Pierre et Étienne appartiennent au 1er Commando de ce groupe, en qualité de cavaliers. – Batteries Anti-chars aux ordres du Capitaine Jean Bonnet – Section de Polonais du C.F.B.

Effectif total du régiment : 1000 hommesTandis que les deux premiers groupes d’Escadrons se préparent à partir par la voie ferrée, le

troisième, avec le Capitaine Pol Roux/Guy de Rouville et le Capitaine Honcourt/Pierre Hoepfner, s’apprête à s’acheminer par route dans les camions à gazogène réquisitionnés dans toute la région et équipés des armes récupérées.

Ce 6 septembre 1944, il pleut. Dans la colonne on entend : « … Belfort ! », « Non, je te dis que c’est l’Alsace ! », « Bah ! En gros vers l’Est… »

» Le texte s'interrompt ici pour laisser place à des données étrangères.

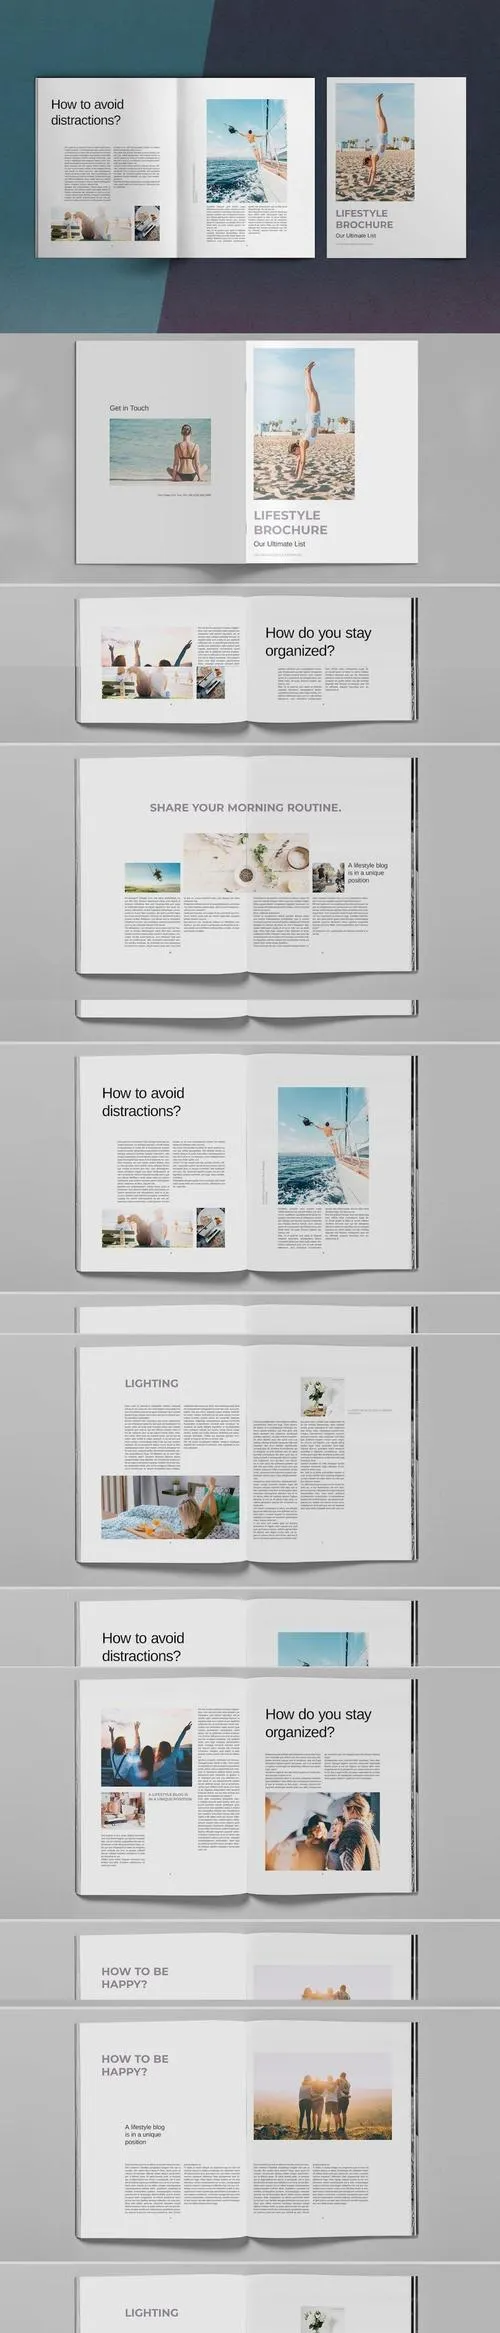 Lifestyle Brochure Layout Template

À la sortie de Castres, la colonne automobile se coupe en deux et déjà une moitié se perd… Heureusement, tout le monde se retrouve à Réalmont !

Les étapes se suivent rapidement, même si les gros camions sont parfois obligés de prendre des chemins détournés à cause des ponts coupés ou minés.

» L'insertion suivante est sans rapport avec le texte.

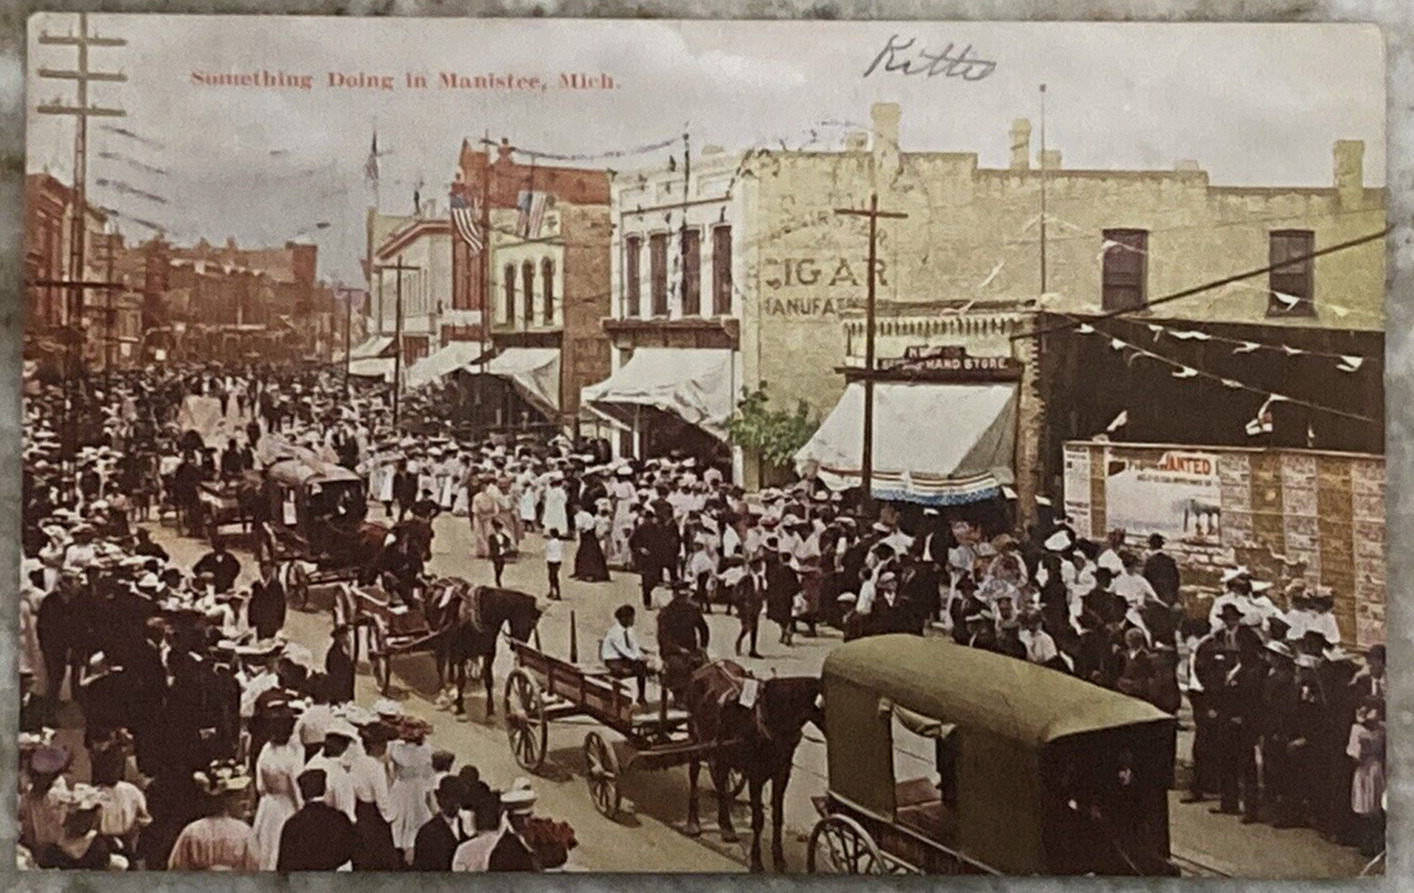 Something Doing in Manistee Michigan Horse & Buggy Scene 1908 DB Postcard A838

Dans la Corrèze, les soldats sont horrifiés par les murs noircis, les corps calcinés et l’histoire des hommes pendus pour ne pas avoir ciré leurs souliers ou avoir été mal rasés. Ils se promettent de faire payer aux Allemands de tels comportements…

Pendant ce temps, la Première Armée Française, qui a libéré Toulon, Arles, Tarascon, Avignon et Marseille, remonte aussi vers l’Est en passant par Lyon. Le 6 septembre, elle est à Autun (21) et c’est là que le 8 septembre le Corps Franc Bayard la rejoint et participe à la Libération de la Ville et à la capture de 3500 prisonniers allemands. Mais c’est aussi là que le C.F.B. a ses premiers morts et obtient sa première citation.

Les troupes poursuivent leur route : Chalon-sur-Saône (71), Beaune (71).

Le 11 septembre, l’unité participe à la Libération de Nevers (58), en appuyant les dernières opérations de nettoyage et à la Libération de Bourges (18).

Après une halte à Gevrey-Chambertin (21), les Escadrons arrivent à Dijon (21) le 12 septembre. Les hommes se ruent sur tout ce qu’ils trouvent à acheter : nourriture, lames de rasoir, fourrure pour l’hiver…

C’est ce même jour que se fait la jonction de ces troupes F.F.I. avec les Forces Alliées débarquées en Normandie et notamment la 2e Division Blindée qui vient de libérer Paris.

Le 15 septembre, tout le Corps Franc attend au garde-à-vous la visite du Général de Lattre de Tassigny accompagné d’autres Généraux.

Puis, dans la campagne autour de Charmes et de Bézouotte, près de Dijon, les hommes font des manœuvres laissant entendre l’imminence des combats.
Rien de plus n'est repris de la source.